|Title||Phenotyping Ethnic Differences in Body Fat Depots|
There are remarkable ethnic differences in the incidence of metabolic syndrome associated features; including insulin resistance, type 2 diabetes, hypertension and cardiovascular diseases. Studies have suggested that South Asians (SA) present an unfavourable body fat phenotype, which includes a pattern of elevated visceral adipose tissue (VAT), and liver fat content; depots strongly associated with the progression of metabolic dysregulation. However, there are a limited number of studies examining body fat composition by ethnicity.

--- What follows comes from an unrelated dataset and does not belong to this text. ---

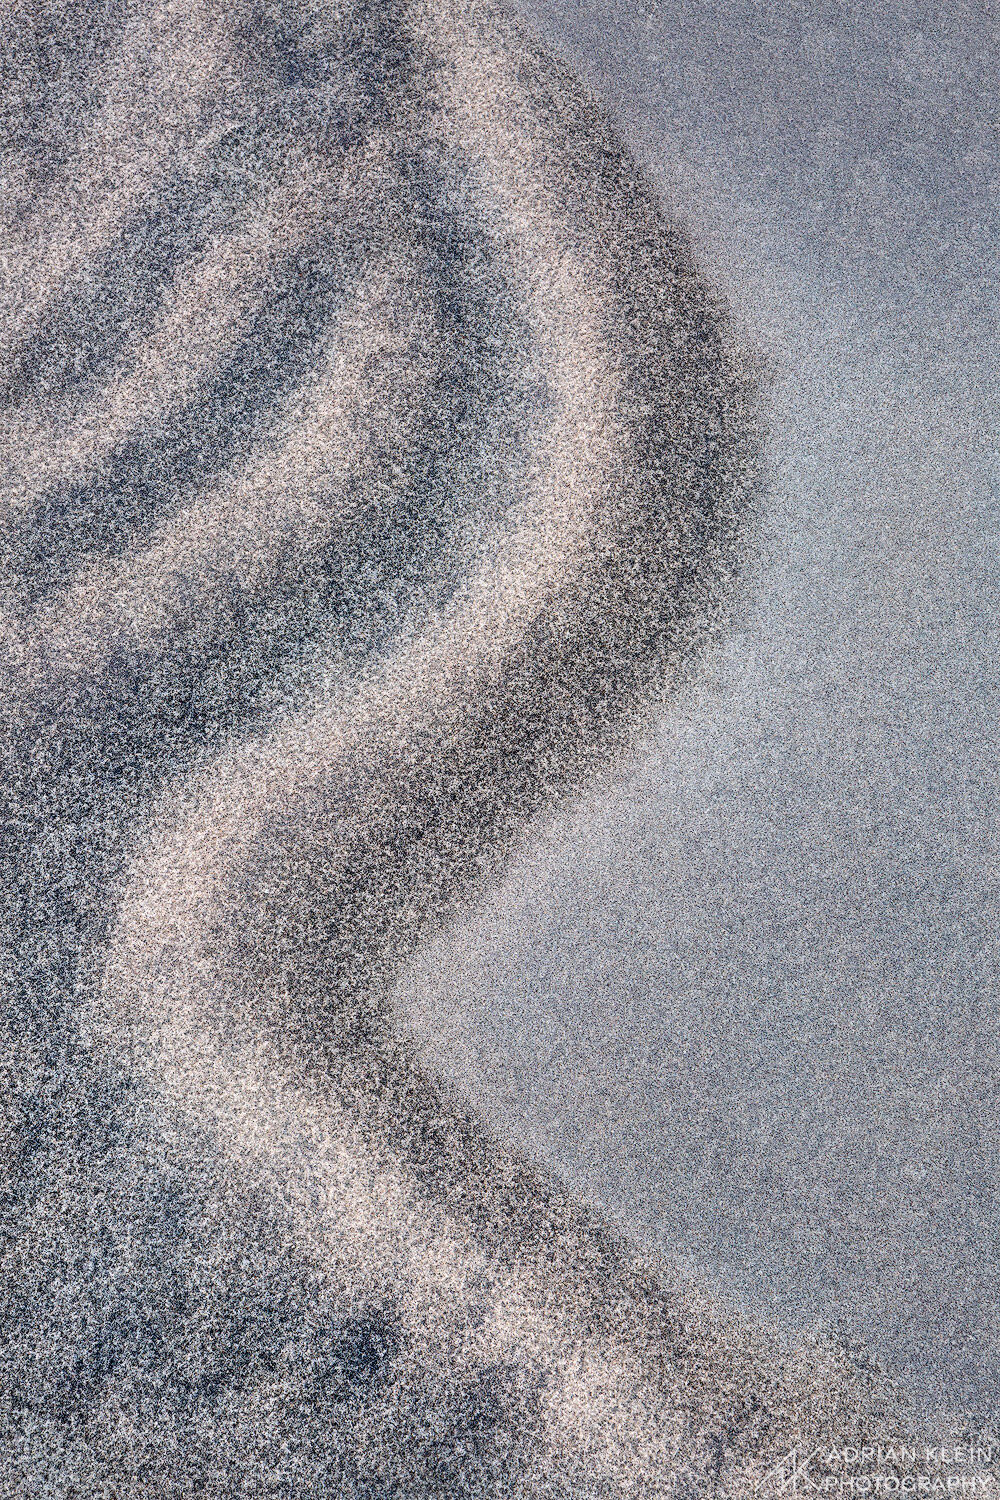 A close up scene of sand with the varying shades and lines. Along the Oregon Coast. Limited Edition of 50.

The purpose of this thesis was to comprehensively phenotype VAT, abdominal subcutaneous adipose tissue (ASAT) and liver fat content in Caucasian (Cau), SA and Black African (BA) individuals from a large number of distinct populations. Here, I include data from three adult cohorts: the UK Biobank (n=9533) of mixed ethnicities, the DIRECT cohort (n=1553) of Cau pre-diabetic individuals and The West London Observation (TWLO) cohort (n=747) of mixed ethnicities. In addition, I present data from Pune Maternal Nutrition study (PMNS) cohort; comprising 423 young adults of SA descent in India.
Analyses of body fat phenotype in Cau pre-diabetic populations showed higher VAT (mean differences= 0.5 litre, p<0.0001) and liver fat content (mean differences= 0.6%, p<0.0001), but lower ASAT (mean differences= -0.2 litre, p<0.0001) compared to Cau from the general population (free-living). I also observed negative associations between VAT, ASAT, liver fat content and day to day physical activity in both pre-diabetic and general populations (pre-diabetic; VAT; r= -0.296, ASAT; r= -0.163, liver fat: r= -0.186 and general population; VAT; r= -0.185, ASAT: r= -0.374, liver fat: r= -0.139, p<0.001 for all).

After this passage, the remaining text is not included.